At a meeting of council’s committee chairs Monday, Council President Kevin Kelley laid out issues he wants members to dig into and sought suggestions from other members.
His goal: To develop a working document that can be a guide for hearings and factfinding sessions through the year.
Here’s some of the topics on that agenda:
Police headquarters: Cleveland sold its share of the downtown Justice Center complex to Cuyahoga County for $9.25 million and worked out an agreement with the county for jail services. Title to the building transferred last October. Since then, the city has been renting space from the county.
The city in June selected the former home of The Plain Dealer at 1801 Superior as a new home for the police and intended to be moved in by March.
But in September, Mayor Frank Jackson’s administration abruptly notified GLP Superior Ltd., led by developer Fred Geis, that it no longer intended to work with the company on the $60 million project.
Members of council have never been fully briefed about what happened. The city, meanwhile, has spent more than $500,000 on rent in the Justice Center since October.
Kelley said Monday that he had been hoping the deal still could be worked out.
“But if it’s being declared dead now, we need to go back to it,” Kelley said. “Where are we going to go now?”
Power outages: The West Side has been plagued by a series of power outages.
Cleveland Public Power is in the midst of a series of improvements that the city-owned utility initiated following multiple power outages around Labor Day and earlier in the summer.
Among those improvements were the addition of a second feeder line to the West Side at a cost of $6 million and an $18 million transmission line, allowing CPP to deliver power to the West Side from multiple points, reducing the chances of outages.
But scattered outages have continued.
Hundreds of people called 911 last week when they had no heat in their homes because the power was out, according to Councilman Martin Keane, whose ward includes westernmost Cleveland.

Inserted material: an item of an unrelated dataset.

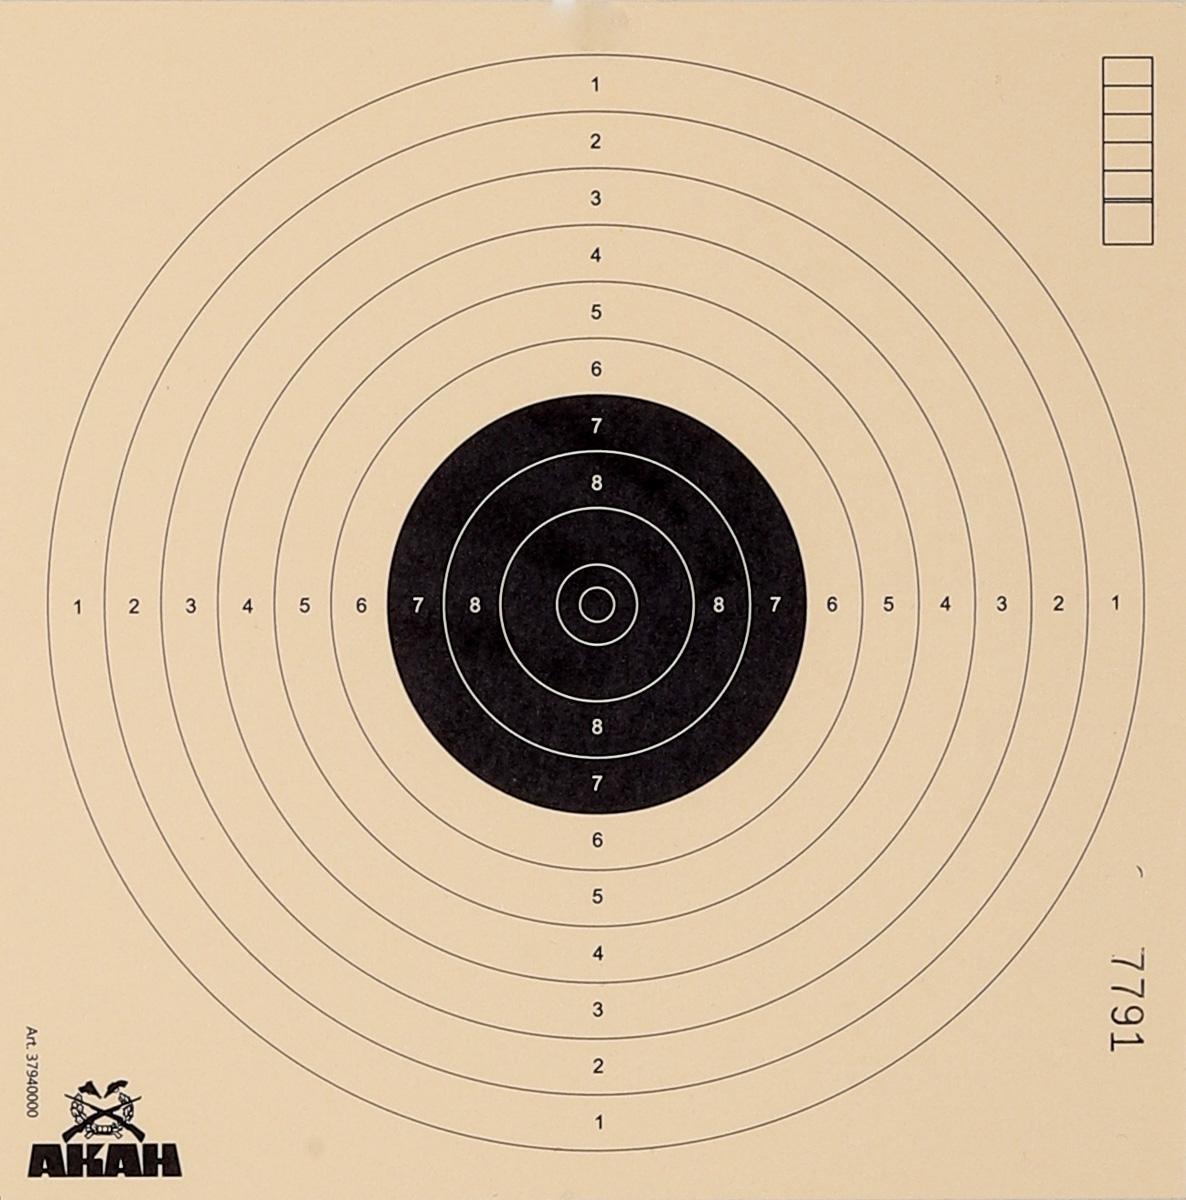 250x Scheibe 17x17 Luftpistole

Councilman Kerry McCormack — who represents Ohio City, Tremont and most of the downtown — said he has been told by some businesses that they are reluctant to invest more in his neighborhoods because of the unreliable power.
One factor to be considered is that CPP operates as an independent enterprise. Funding for improvements would ultimately have to be covered by the utility's rate payers.
Lights and cameras: The city intends to replace 61,000 street lights with brighter, more cost-effective LED lighting and mount 1,000 surveillance cameras atop utility poles.
The administration has said it intends to put cameras around recreation centers, parks and in hot spots for crime around town.
Members of council want input on where those cameras are placed.
Deployment of safety forces: Kelley said he wants council to keep an eye on response times for emergency calls, particularly for EMS runs.
It’s a subject that has prompted many complaints in the past, he said.
“Anecdotally, I feel like it’s getting better,” he said. “I think we need to make sure we’re monitoring.”
New revenue raised after Cleveland voters approved an income tax increase at the end of 2016 allowed the city to expand EMS services, said Councilman Matt Zone, who chairs the Safety Committee.
The money enabled the city to hold two training classes for EMS cadets and add new emergency vehicles. Shifts were expanded and now have as many as 23 crews on duty at once.
Jackson told editors at cleveland.com on Friday that EMS response times have been reduced to a matter of minutes.
Capital projects: Kelley wants the administration to provide an assessment of the city’s key assets, such as all its recreation centers, any capital improvements planned for those assets and a schedule for when that work is to be done.
Jackson’s capital improvements budget, which looks at projects in a three-year cycle, includes millions of dollars for recreation center improvements.
Among those are construction of two new centers this year.
Jackson also intends to continue programming that was expanded in rec centers as part of efforts to address the health impacts of trauma and stress. The mayor’s budget proposal includes $3 million to continue those programs, which include GED classes, job training, arts programming and the stationing of counselors in the rec centers.